Additionally the European institutions can make recommendations. As a MEP myself I have initiated a European coalition on vaccination.
Vaccines Today: One idea that has been floated recently is to have a ‘vaccination passport’ for children to help ensure continuity of immunisation schedules when families move within the EU. Are you in favour of this?
Karin Kadenbach MEP: It has to be taken into consideration that an international WHO vaccination passport already exists. Now the question is whether a neutral EU vaccination passport would be additionally beneficial. The impact has to be analysed carefully and in particular in close cooperation with the WHO. A neutral EU vaccination passport could indeed facilitate free movement by overcoming language barriers within the vaccination monitoring system.
Vaccines Today: There’s a lot happening at the moment in the area of ehealth and cross-border healthcare. Do these have any bearing on cross-border vaccination cooperation between Member States?
Karin Kadenbach MEP: In my opinion the issue of vaccination has to be tackled in a broader perspective and by a larger group of people. More importantly emotions have to be left out of the discussion in order to foster an honest dialogue based on scientific research. This is why I have initiated a European coalition on vaccinations. So far we are trying to bring together representatives of the European Commission and the World Health Organisation, European Vaccine Manufacturers, university scientists, and Members of the European Parliament.
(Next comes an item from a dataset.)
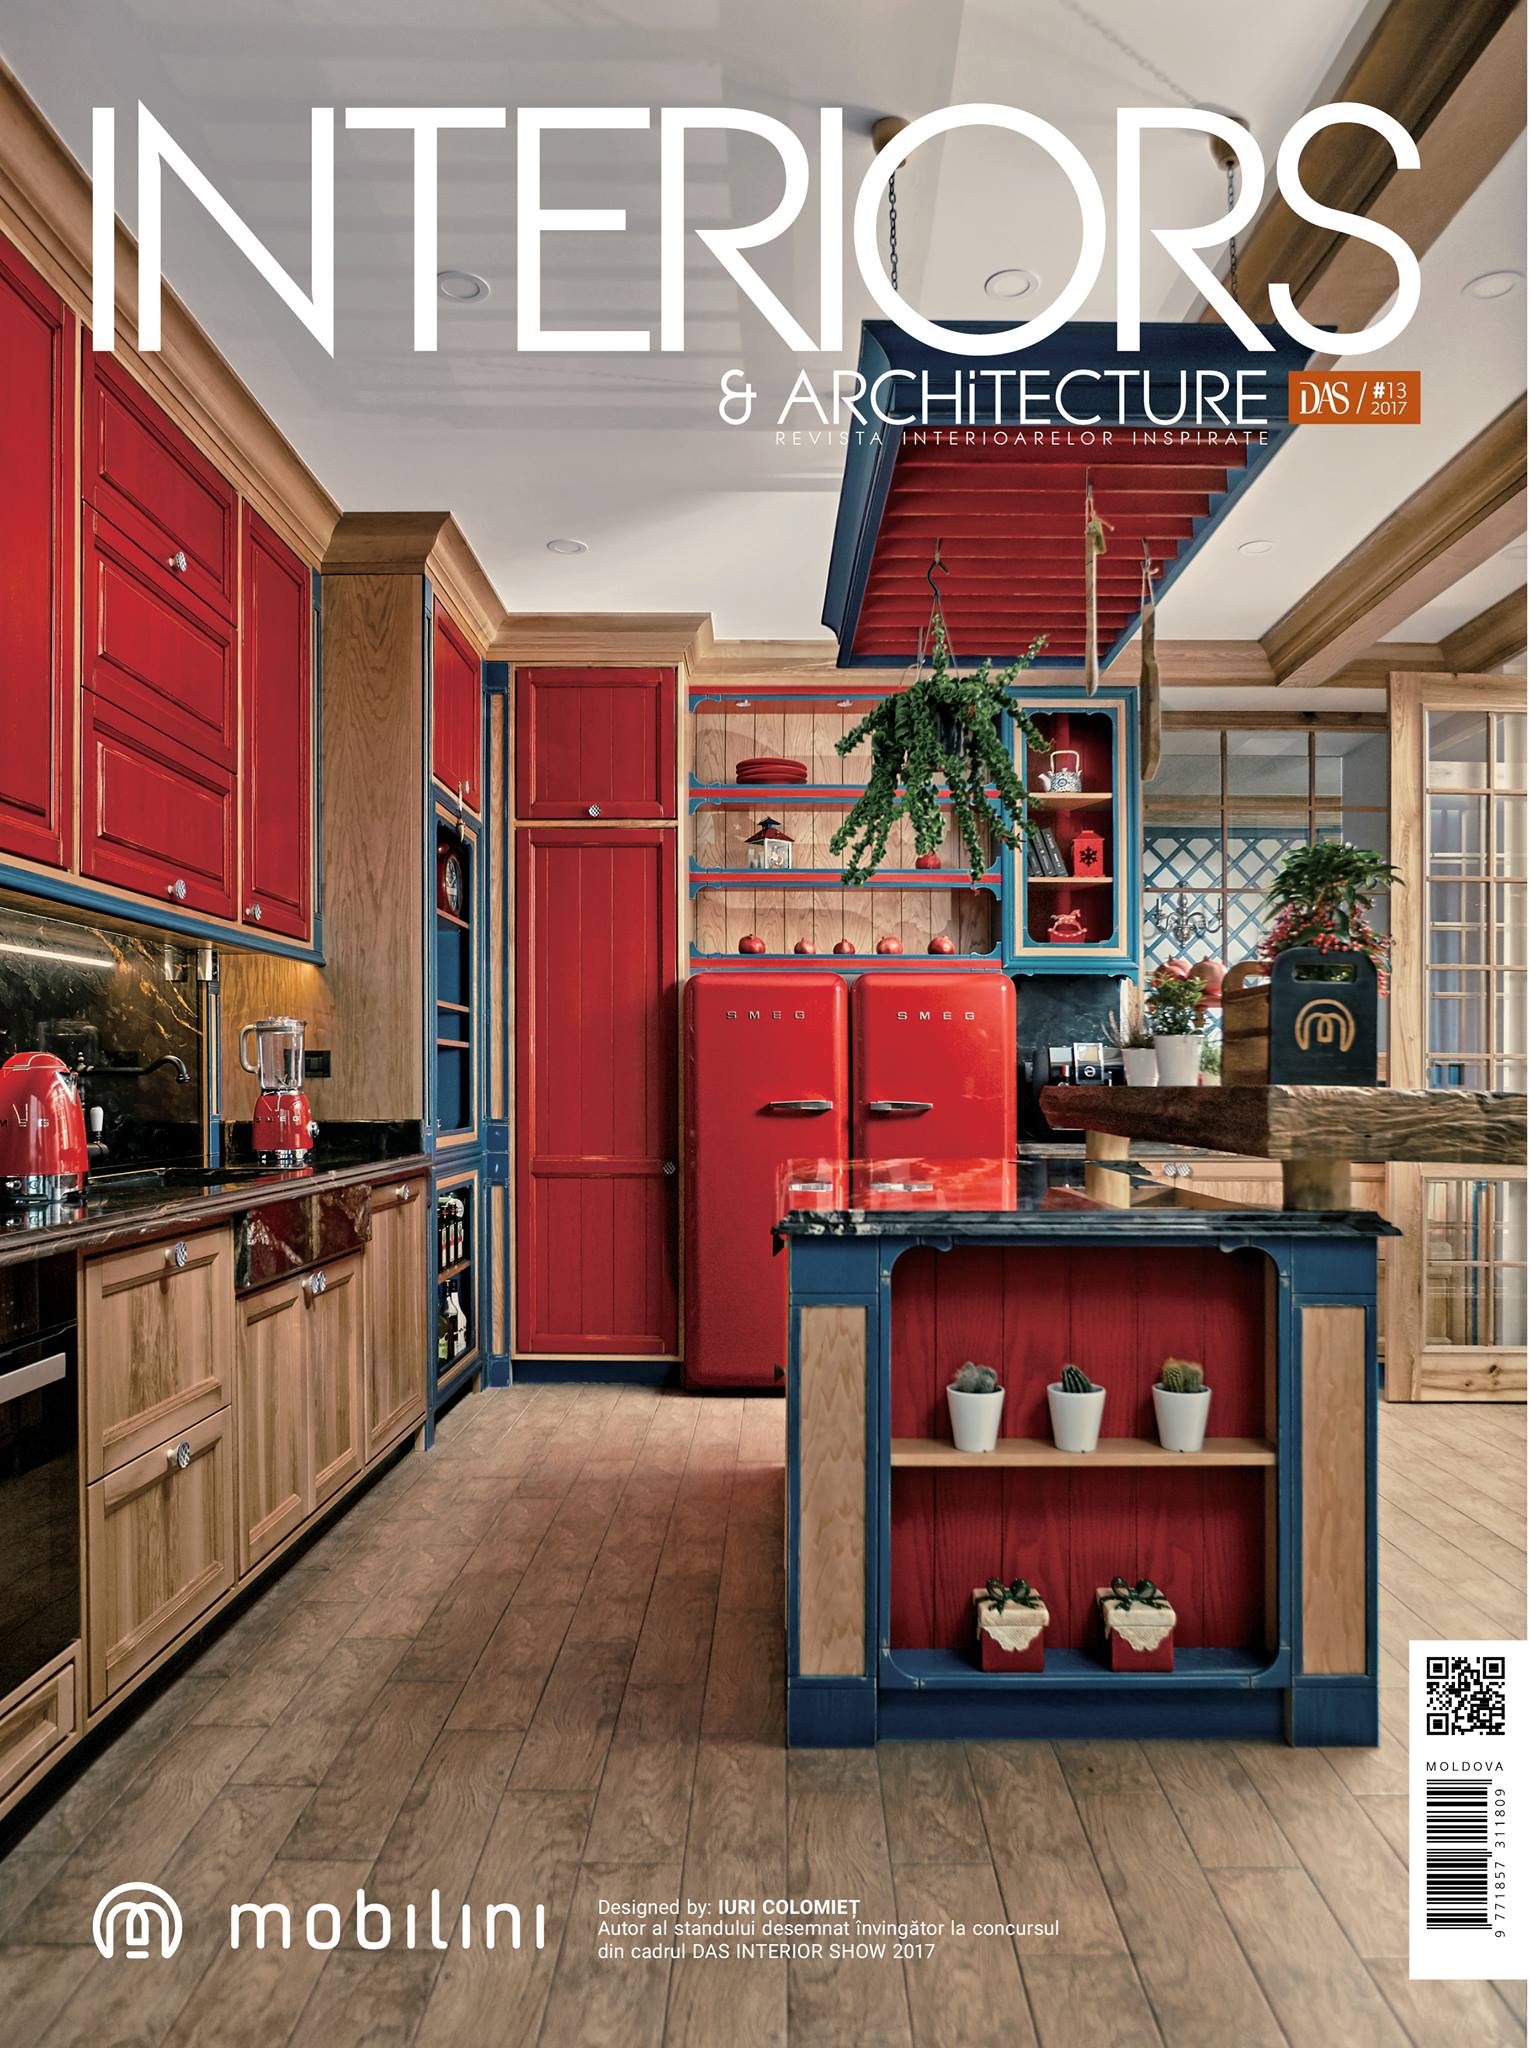 Interiors & Architecture
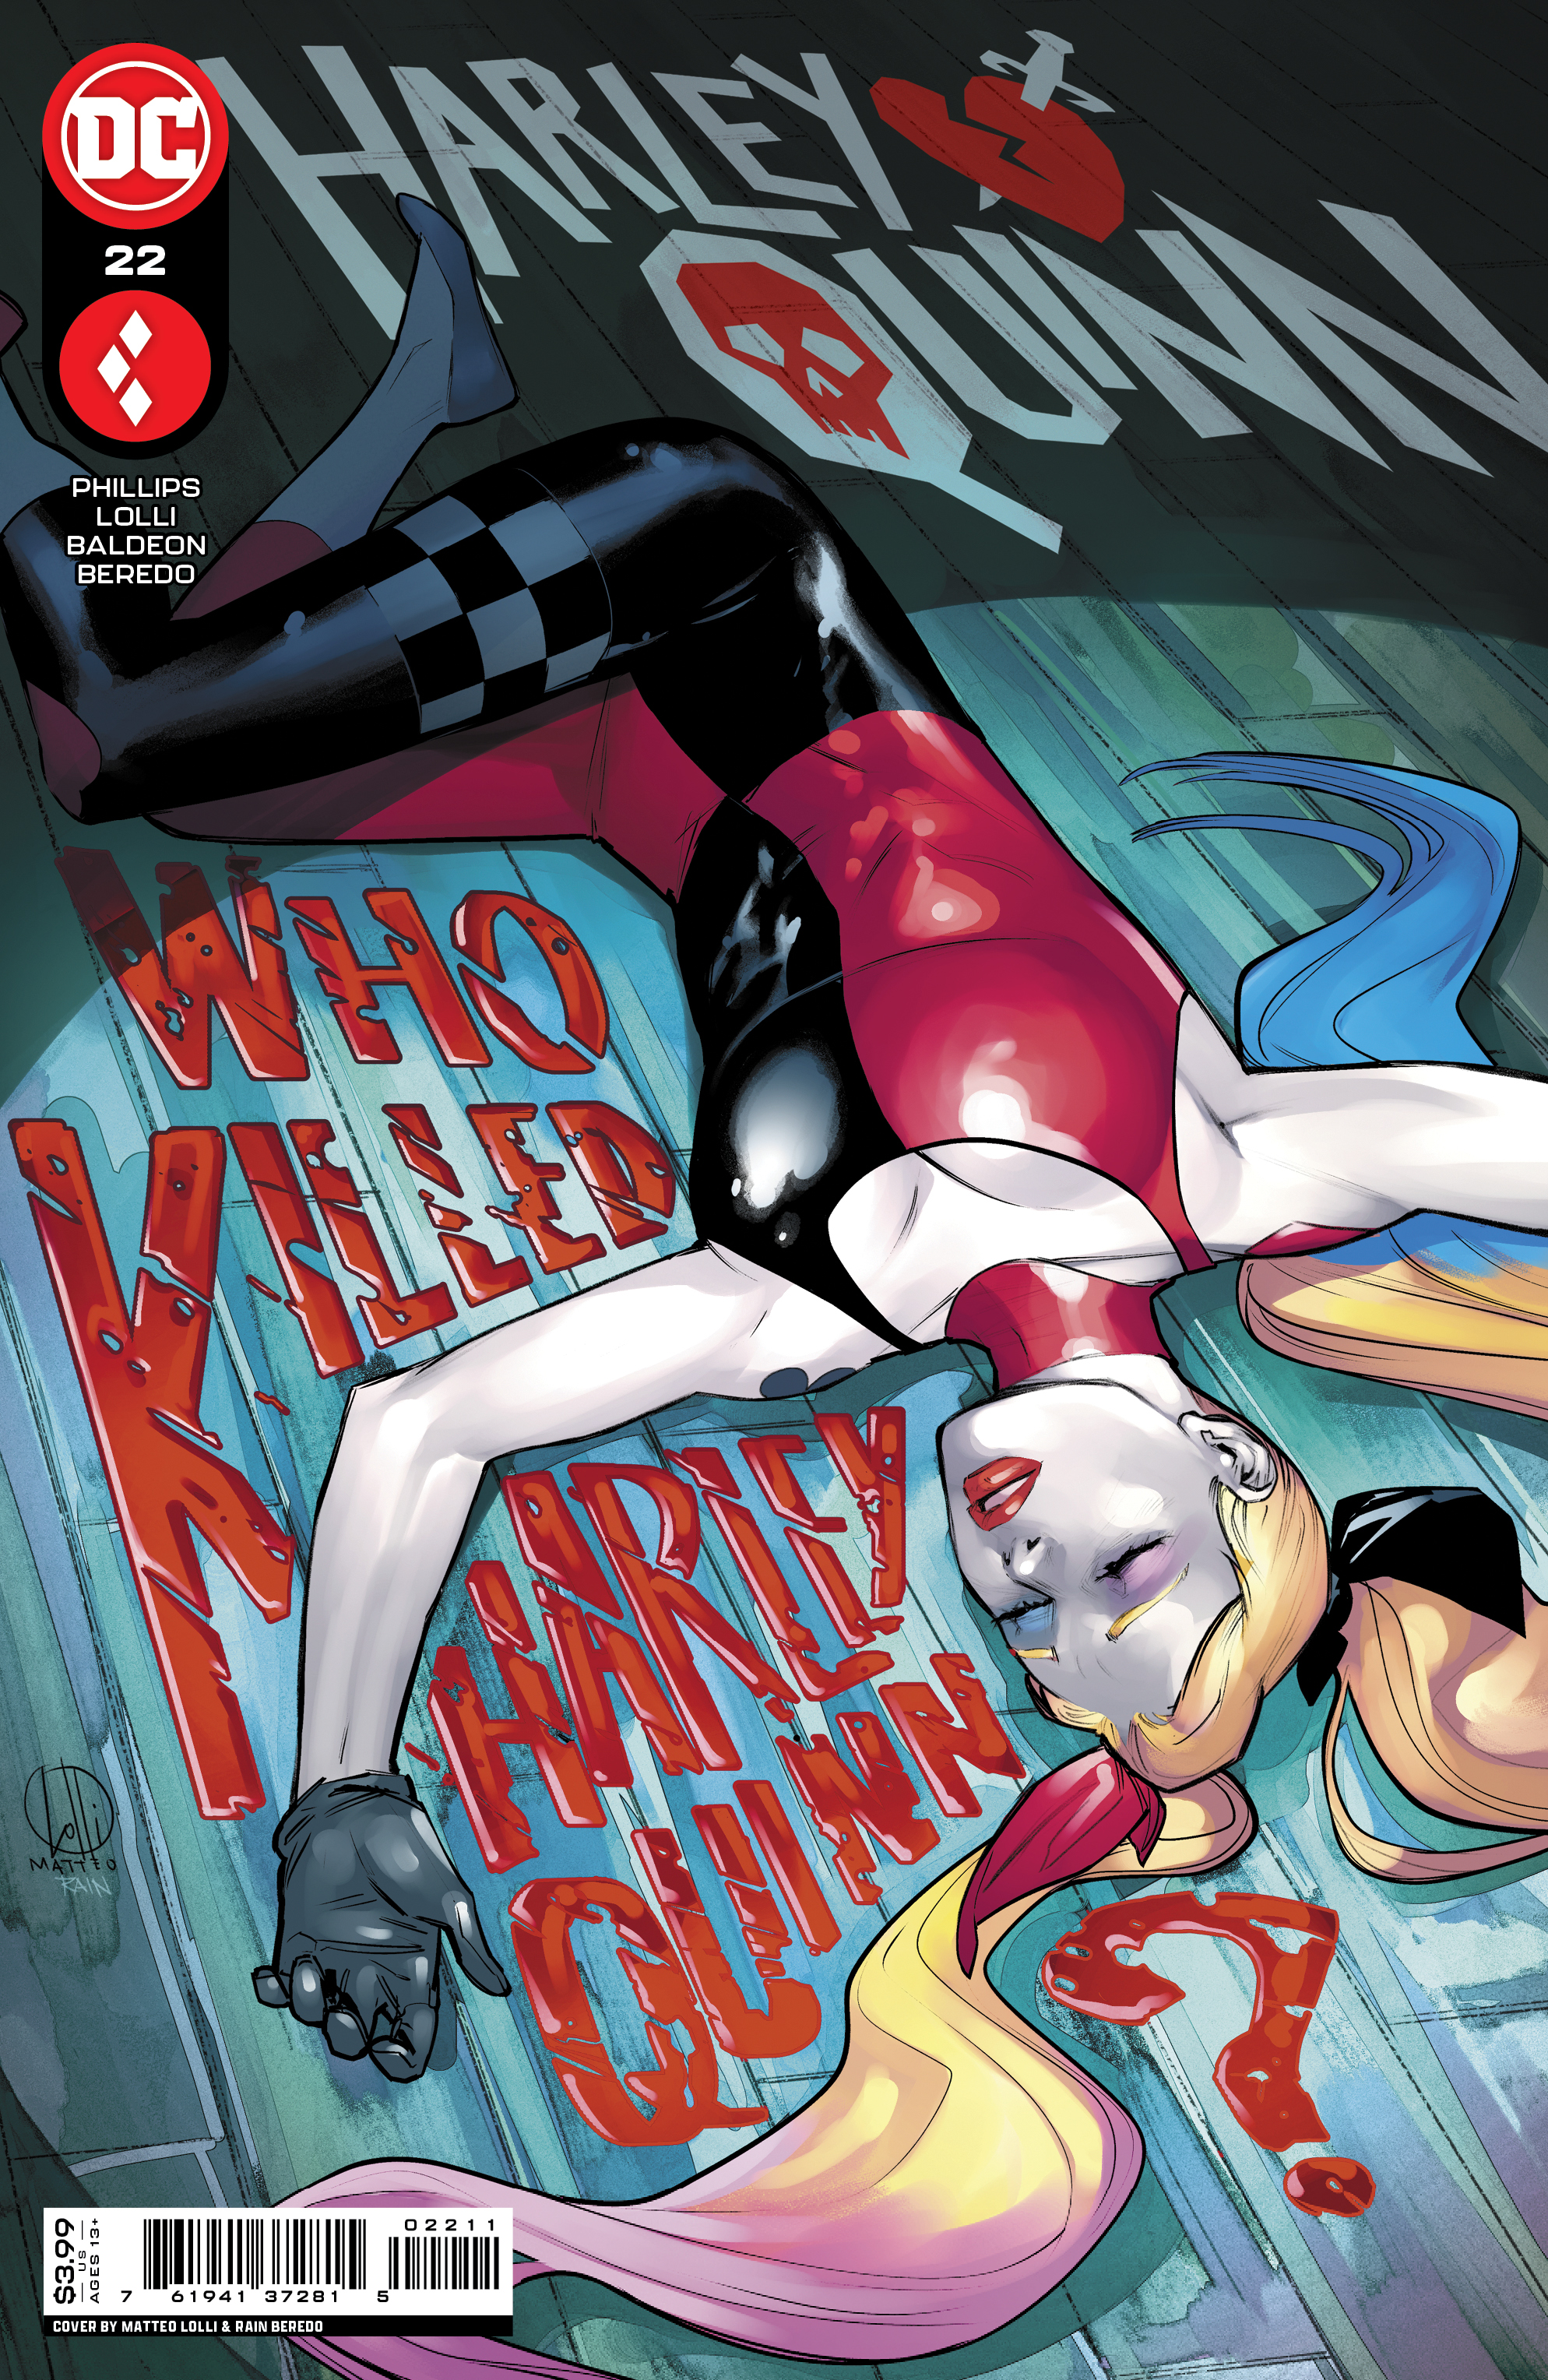 Harley Quinn #22 Cover A Matteo Lolli (2021)

Vaccines Today: Health ministers pledged to tackle vaccine scepticism through communication campaigns and ECDC chief Marc Sprenger has said that social media websites like Twitter and Facebook are influencing public opinion on vaccination. Do you think health officials and politicians have been too conservative in engaging with new media?
Karin Kadenbach MEP: Public opinion is being influenced by new media, such as the internet and social media including Facebook and Twitter. In this area we are dealing with a huge potential of misinformation which may result in unfounded fear.
It is my conviction that a fruitful discussion must be based on arguments and scientific results. Unfortunately there seem to be certain resentments towards vaccination programmes, particularly when it comes to child immunisation. These concerns have to be taken seriously and be addressed by dialogue and information.